I’m only giving that as an example of the sort of way that progress is made in a koan, by going deeper and deeper into it. We think, ‘the sound of one hand, the voice of one hand?’. Then someone says, “Silence. That’s it, the voice of one hand is silence”. “Oh yeah’” Then the teacher says, “Then what will be the difference between the voice of one hand and the voice of no hands. Why one hand?” Anyway, at least it’s interesting. He’s got a great big stick and sometimes the monk ahead of you comes out crying. Well, it’s one way. There are people who respond working under pressure. In fact some of us are so lazy that we won’t do a thing unless we are under pressure. But others of us perhaps have got a bit more voltage and perhaps we can work on these things ourselves. If we’re Christians then these riddles, we have to notice them. If we read with attention, a book will become alive.
A Japanese Jesuit told me that he was in a foreign country travelling. Now their great classic is the Spiritual Exercises of Ignatius Loyola, their founder, a Spaniard – I can’t speak Spanish but it is said to be written in the most wonderful Spanish. Well, this Japanese Jesuit couldn’t speak Spanish. He used to read the Spiritual Exercises in German. It was a very good German translation. One day he was travelling abroad with a Spanish Jesuit. He wanted to look up a point in this Spiritual Exercises book for some sermon or reference he was going to give.
He said rather hesitatingly to the Spaniard, “I suppose you don’t happen to have a German translation of the Spiritual Exercises?” To his amazement the Spanish Jesuit said, “Oh, yes. I always read it in German.”
“You’re Spanish and this is supposed to be the most wonderful Spanish.” The man said, “Yes. It is, it is.” “You say you always read it in German?”
He said, “Yes. You see, in my training I had to study the Spiritual Exercises in Spanish for years and years and answer so many questions and do so many studies and so much research and comparative work on it that it became like a scholastic text for me. It becomes dead, but when I read the German translation the ideas leap out of the page at me – it’s pure meaning – but not in this wonderful Spanish preface.”

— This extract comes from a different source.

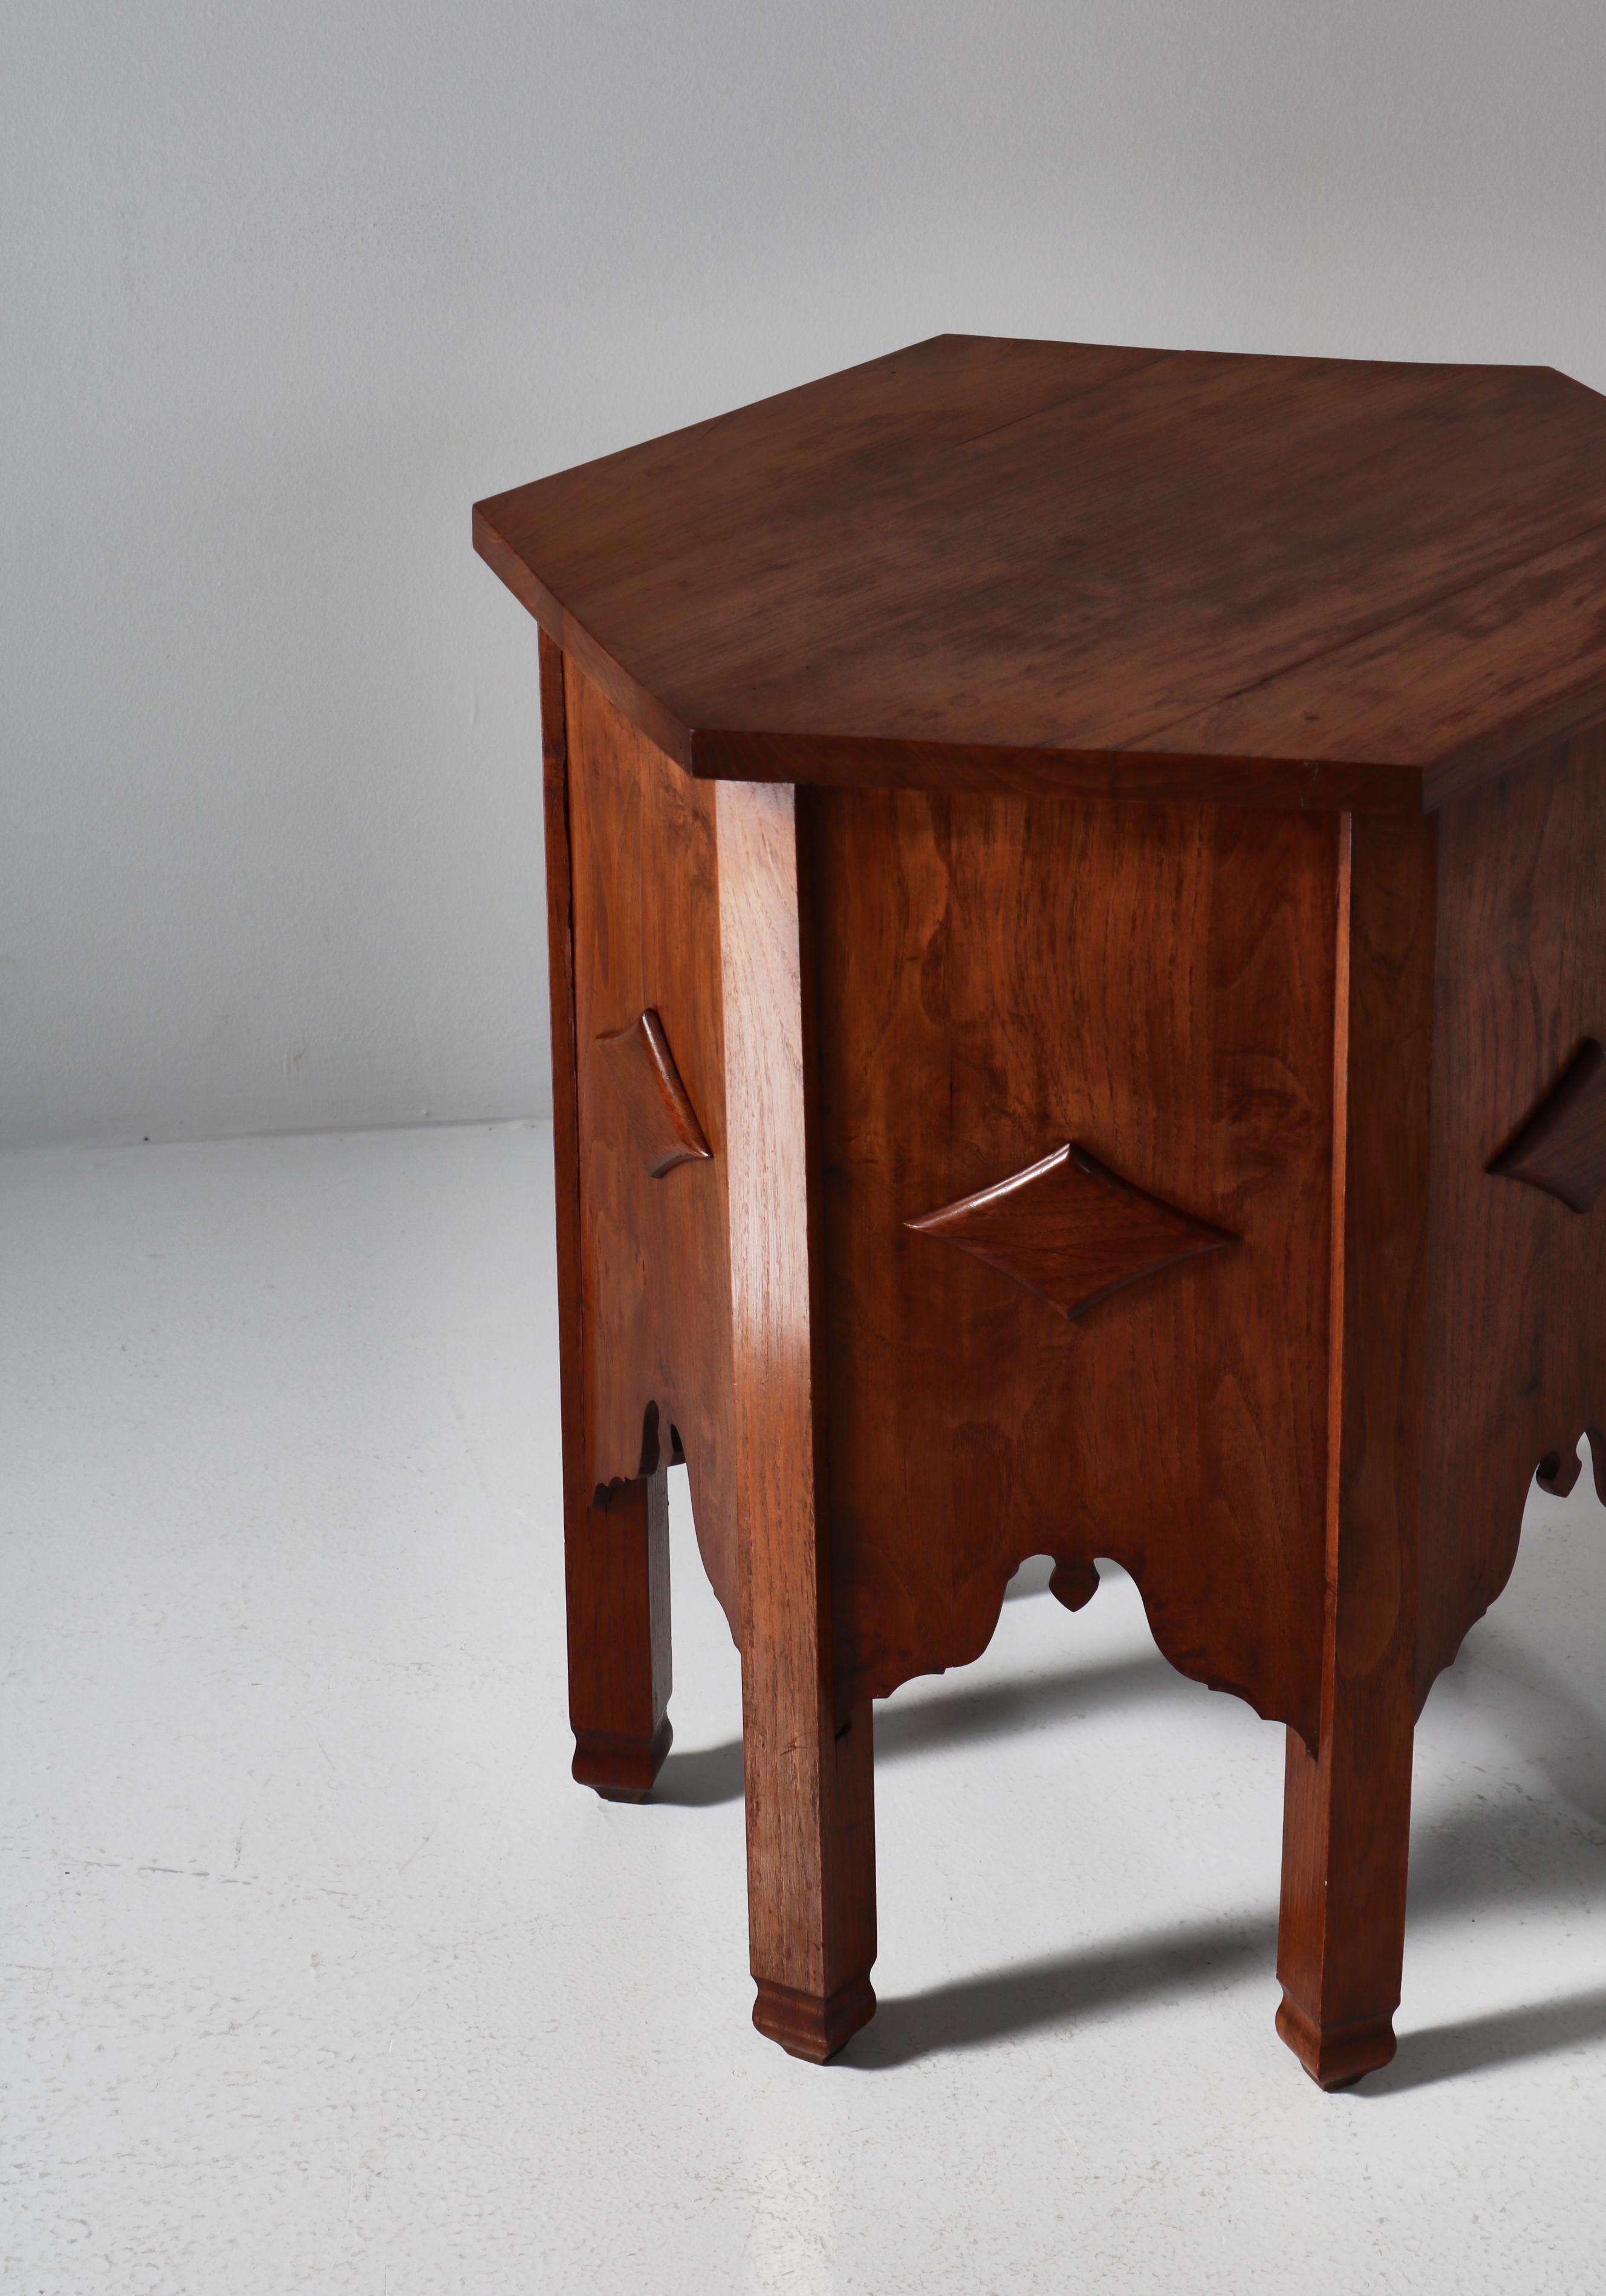 Mid-20th Century Art Nouveau Hexagonal Side Table by Danish Cabinetmaker, Carved Elm Tree, 1930s For Sale

The main thing is that our study, our works and our thoughts should become alive and not mechanical. Not reverentially dull.
The koan, the riddle idea is a very good way for waking us up. There are 40 or 50 riddles in the New Testament. One or two of them have got explanations attached to them but it’s thought unlikely that Jesus did give explanations and most of them he doesn’t give explanations for at all.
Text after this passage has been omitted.